这一次二号不能再出手了,只能朝着阿列特做了一个手势然后所有人继续朝着北部逃离,全地形蜘蛛载具配备有火力单元,但这不是主要问题,主要问题在于黑影已经失去了第一次的那种先手环境,就算摧毁了一架、两架,可一旦他们被成功拖住,那么就会是万劫不复。
阿列特已经不知道他们跑了多远了,整个山区北部都被进行了信息封锁屏蔽,除了和艺术家的通讯外所有通讯都被切断了,每当走了一段距离他们就需要通过各种环境细节来进行重新定位,雨云的范围很大,覆盖了整个北部,他们三人都还算情况无忧,可御名的脸和额头像是从炭火中取出的烙铁,雨水落到苍白的皮肤上没走出多远就快被蒸发干净。这是身体发生了炎症风暴的征兆,这种事情几乎不会在黑影身上发生,但一旦发生造成的破坏力会更强,活体金属会成为免疫系统癫狂的强大军火库。

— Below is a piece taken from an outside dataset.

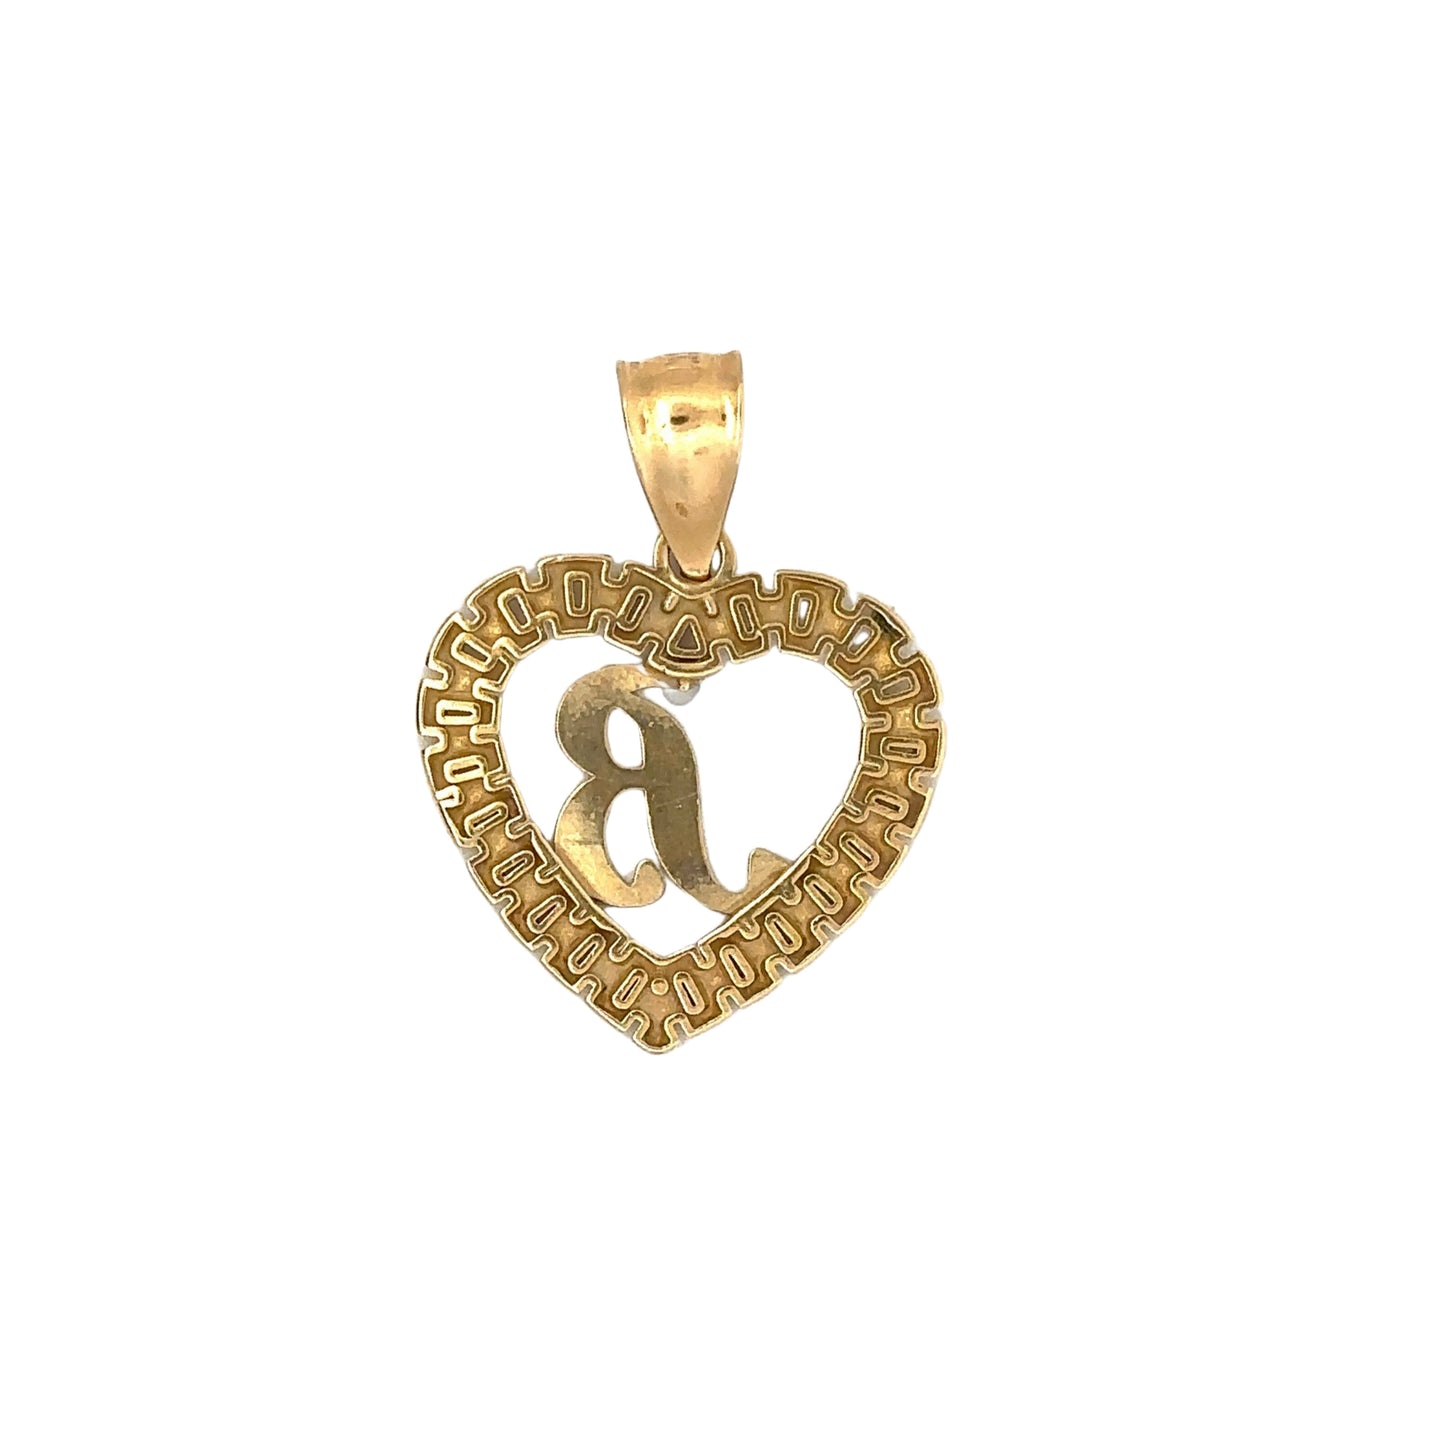 Back of yellow gold B heart pendant with scratches on the gold

阿列特摸了摸御名滚烫的手臂,他想起曾经自己在病床上的时候,那时没有人在乎他,一个末位皇子也享受不到多好的医疗资源,对于那些议会议员们来说真正在意的就只有大皇子而已,在无依无靠的皇城里只有姐姐一个人愿意守在他身边,睡觉时头也趴在他胸膛上,似乎是害怕死神抢走了他。
到目前为止,他的人生中重要的人都没有离开过,从蕾闯进他的生活后他就在心中默默加上了一个对自己好的人的名字,而这个女子大概也是和蕾一样吧,所以他也不会让人夺走她。

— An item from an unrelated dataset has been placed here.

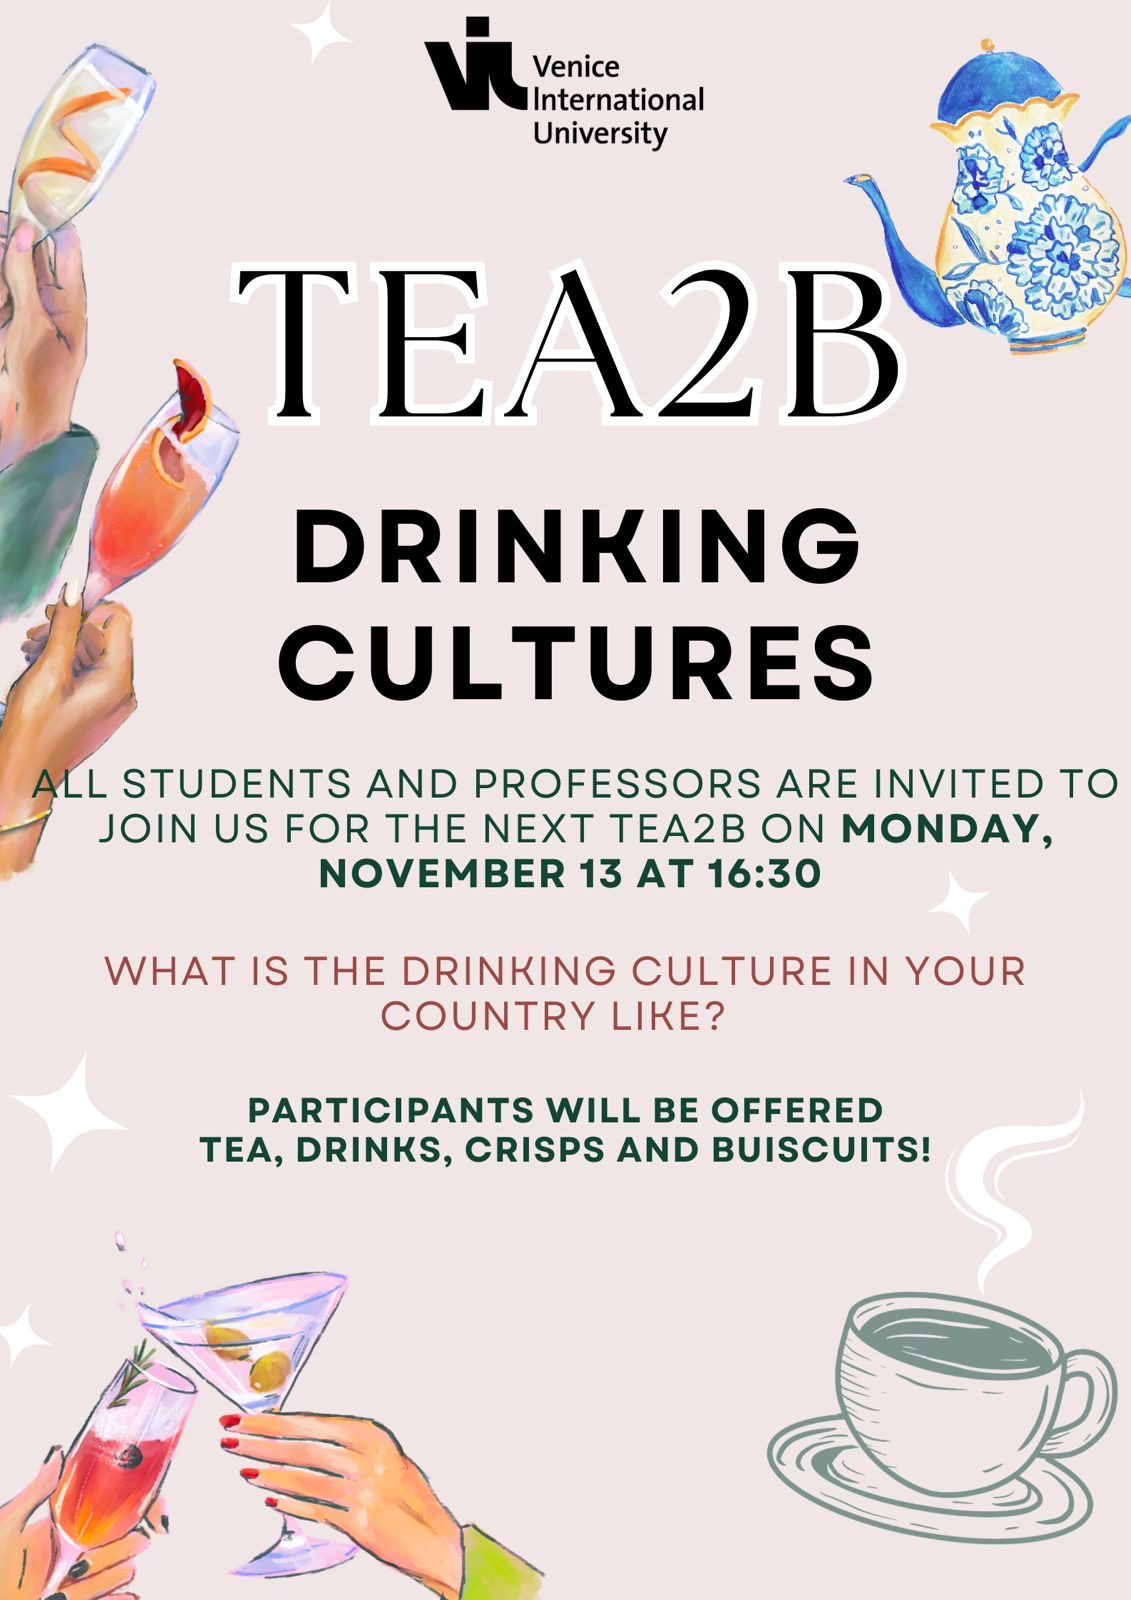 drinking cultures image

他没有意识到自己思维的转变,他的愤怒使得他的身体在咆哮在沸腾,巨大的对于世界的恶意在灵魂深处翻腾,就像是一锅糊状物被煮熟后表面不断破裂的气泡。不知什么时候他已经成为了那个黑衣的男子,心中所念便是以帝国皇帝的口吻。
“陛下,您所思所想就是我之所愿,我从来都是您最坚定的拥趸。”
“上官飞扬,你觉得你的出发点和那些人有什么不一样么?”
“是不一样的......他们所掌握的世界糟透了。”
“是啊......糟透了......所以他们就得死!我给他们的最后的惩罚就是跪在这大殿外,看着这个帝国崩塌!”
那个黑衣的男子和看不清脸的议长的交谈声在他的脑海中回荡,像是来自遥远时空的戏剧演员在舞台上对着早已排演了无数遍的台词。不知什么时候他已经习惯了这个场景,习惯了那个被称作上官飞扬的人在那里的存在,在恶意从心里发芽的时候,这个黑衣男子和议长就会出现,搅动着他内心的疯狂。
他正在推动这个疯狂的生长,那是下意识的举动,就像是存在于雨林中的沼泽,挣扎的猎物只会陷得更深,这无关乎沼泽对生灵的恶毒,因为它就在那里,一直在那里,看着沧桑变换时光流转。
只要能逃离这里脱开一段时间的追踪他们就安全了,以他对艺术家的了解,绝对有能力庇护他们一段时间,只要找到机会就能把消息传递出去。他拨开前方的灌木尖刺并折断伪装成动物所为,扭头继续前进。
五号的身体消耗很大,身上携带的冷却剂也没多少,所以现在只能轮流换着背着御名。
天空已经有些蒙蒙亮了,初春季节日照直射位置已经越过了这里,所以天空比起冬日来说亮的更早。背上背着的女子脑袋忽然动了一下,嘴唇在不经意间贴上了他的耳朵,女子的呼吸灼热,但嗫嚅着说话间却一直在轻微地哆嗦。
阿列特放下了她,动作很是小心翼翼,选择了一个不是那么泥泞的位置靠在树上,由于背着行动的时候双手太过用力,手掌上已经有了一些麻木的感觉。御名靠在树上头歪着,泡过水的头发散乱耷拉着,她的身材很好,不过平日里总是以暴力的一面示人,让人都忘了去欣赏她的身姿,此时无力的昏迷,倒像是个没长大的姑娘。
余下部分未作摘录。